The data I get is not in standard JSONformat. I cannot use json.loads().

当屏幕抓取某个网站时,我从<script>标签中提取数据。
我得到的数据不是标准JSON格式。我无法使用json.loads().

# from
js_obj = '{x:1, y:2, z:3}'

# to
py_obj = {'x':1, 'y':2, 'z':3}

Currently, I use regexto transform the raw data to JSONformat.
But I feel pretty bad when I encounter complicated data structure.

目前,我使用regex将原始数据转换为JSON格式。
但是当我遇到复杂的数据结构时,我感觉很糟糕。

Do you have some better solutions?

你有更好的解决方案吗?

回答by kev

demjson.decode()

demjson.decode()

import demjson

# from
js_obj = '{x:1, y:2, z:3}'

# to
py_obj = demjson.decode(js_obj)

jsonnet.evaluate_snippet()

jsonnet.evaluate_snippet()

import json, _jsonnet

# from
js_obj = '{x:1, y:2, z:3}'

# to
py_obj = json.loads(_jsonnet.evaluate_snippet('snippet', js_obj))

ast.literal_eval()

ast.literal_eval()

import ast

# from
js_obj = "{'x':1, 'y':2, 'z':3}"

# to
py_obj = ast.literal_eval(js_obj)

回答by chrisb

This will likely not work everywhere, but as a start, here's a simple regex that should convert the keys into quoted strings so you can pass into json.loads. Or is this what you're already doing?

这可能不会在任何地方都有效,但作为开始,这里有一个简单的正则表达式,它应该将键转换为带引号的字符串,以便您可以传递到 json.loads。或者这就是你已经在做的事情?

In[70] : quote_keys_regex = r'([\{\s,])(\w+)(:)'

In[71] : re.sub(quote_keys_regex, r'""', js_obj)
Out[71]: '{"x":1, "y":2, "z":3}'

In[72] : js_obj_2 = '{x:1, y:2, z:{k:3,j:2}}'

Int[73]: re.sub(quote_keys_regex, r'""', js_obj_2)
Out[73]: '{"x":1, "y":2, "z":{"k":3,"j":2}}'

回答by thiagola92

Not including objects

不包括对象

json.loads()

json.loads()

  • json.loads()doesn't accept undefined, you have to change to null
  • json.loads()onlyaccept double quotes
    • {"foo": 1, "bar": null}
  • json.loads()不接受undefined,您必须更改为null
  • json.loads()接受双引号
    • {"foo": 1, "bar": null}

Use this if you are sure that your javascript code only have double quotes on key names.

如果您确定您的 javascript 代码在键名上只有双引号,请使用此选项。

import json

json_text = """{"foo": 1, "bar": undefined}"""
json_text = re.sub(r'("\s*:\s*)undefined(\s*[,}])', '\1null\2', json_text)

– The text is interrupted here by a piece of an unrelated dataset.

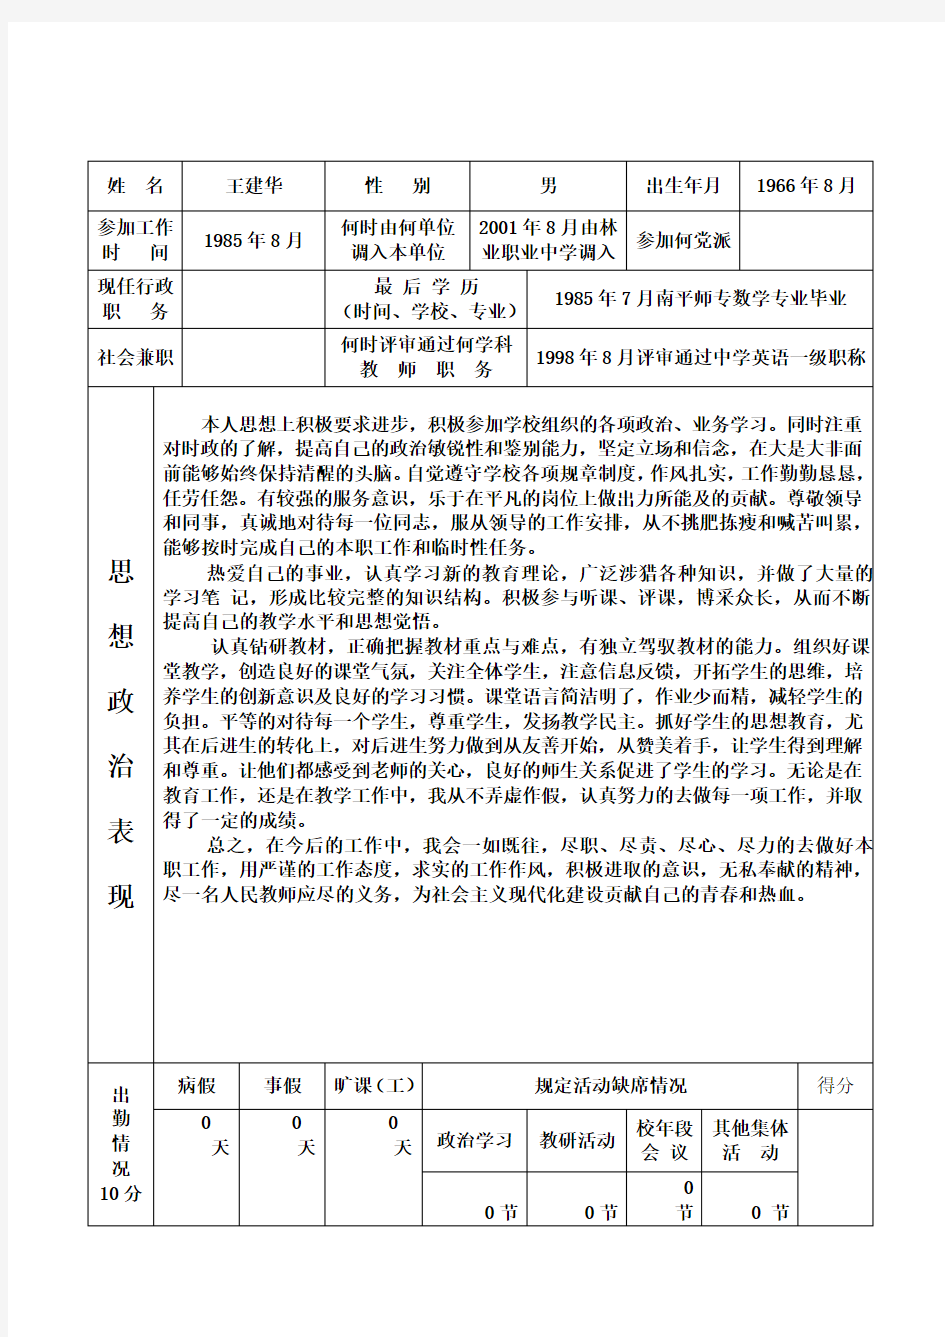 福建省中小学教师职务考评登记表(4)

py_obj = json.loads(json_text)

ast.literal_eval()

ast.literal_eval()

  • ast.literal_eval()doesn't accept undefined, you have to change to None
  • ast.literal_eval()doesn't accept null, you have to change to None
  • ast.literal_eval()doesn't accept true, you have to change to True
  • ast.literal_eval()doesn't accept false, you have to change to False
  • ast.literal_eval()accept single and double quotes
    • {"foo": 1, "bar": None}or {'foo': 1, 'bar': None}
  • ast.literal_eval()不接受undefined,你必须改为None
  • ast.literal_eval()不接受null,您必须更改为None
  • ast.literal_eval()不接受true,您必须更改为True
  • ast.literal_eval()不接受false,您必须更改为False
  • ast.literal_eval()接受单引号和双引号
    • {"foo": 1, "bar": None}或者 {'foo': 1, 'bar': None}
import ast

js_obj = """{'foo': 1, 'bar': undefined}"""
js_obj = re.sub(r'([\'\"]\s*:\s*)undefined(\s*[,}])', '\1None\2', js_obj)
js_obj = re.sub(r'([\'\"]\s*:\s*)null(\s*[,}])', '\1None\2', js_obj)
js_obj = re.sub(r'([\'\"]\s*:\s*)NaN(\s*[,}])', '\1None\2', js_obj)
js_obj = re.sub(r'([\'\"]\s*:\s*)true(\s*[,}])', '\1True\2', js_obj)
js_obj = re.sub(r'([\'\"]\s*:\s*)false(\s*[,}])', '\1False\2', js_obj)

py_obj = ast.literal_eval(js_obj) 

回答by Chris Billington

If you have nodeavailable on the system, you can ask it to evaluate the javascript expression for you, and print the stringified result. The resulting JSON can then be fed to json.loads:

如果您node在系统上可用,您可以要求它为您评估 javascript 表达式,并打印字符串化的结果。然后可以将生成的 JSON 提供给json.loads

def evaluate_javascript(s):
    """Evaluate and stringify a javascript expression in node.js, and convert the
    resulting JSON to a Python object"""
    node = Popen(['node', '-'], stdin=PIPE, stdout=PIPE)
    stdout, _ = node.communicate(f'console.log(JSON.stringify({s}))'.encode('utf8'))
    return json.loads(stdout.decode('utf8'))

回答by clw

Simply:

简单地:

import json
py_obj = json.loads(js_obj_stringified)

Above is the Python portion of the code. In javascript portion of the code:

以上是代码的 Python 部分。在代码的 javascript 部分:

js_obj_stringified = JSON.stringify(data);

JSON.stringify turns a Javascript object into JSON text and stores that JSON text in a string. It is a safe way to pass (via POST/GET) a javascript object to python to process.

JSON.stringify 将 Javascript 对象转换为 JSON 文本并将该 JSON 文本存储在字符串中。这是将 javascript 对象(通过 POST/GET)传递给 python 进行处理的一种安全方式。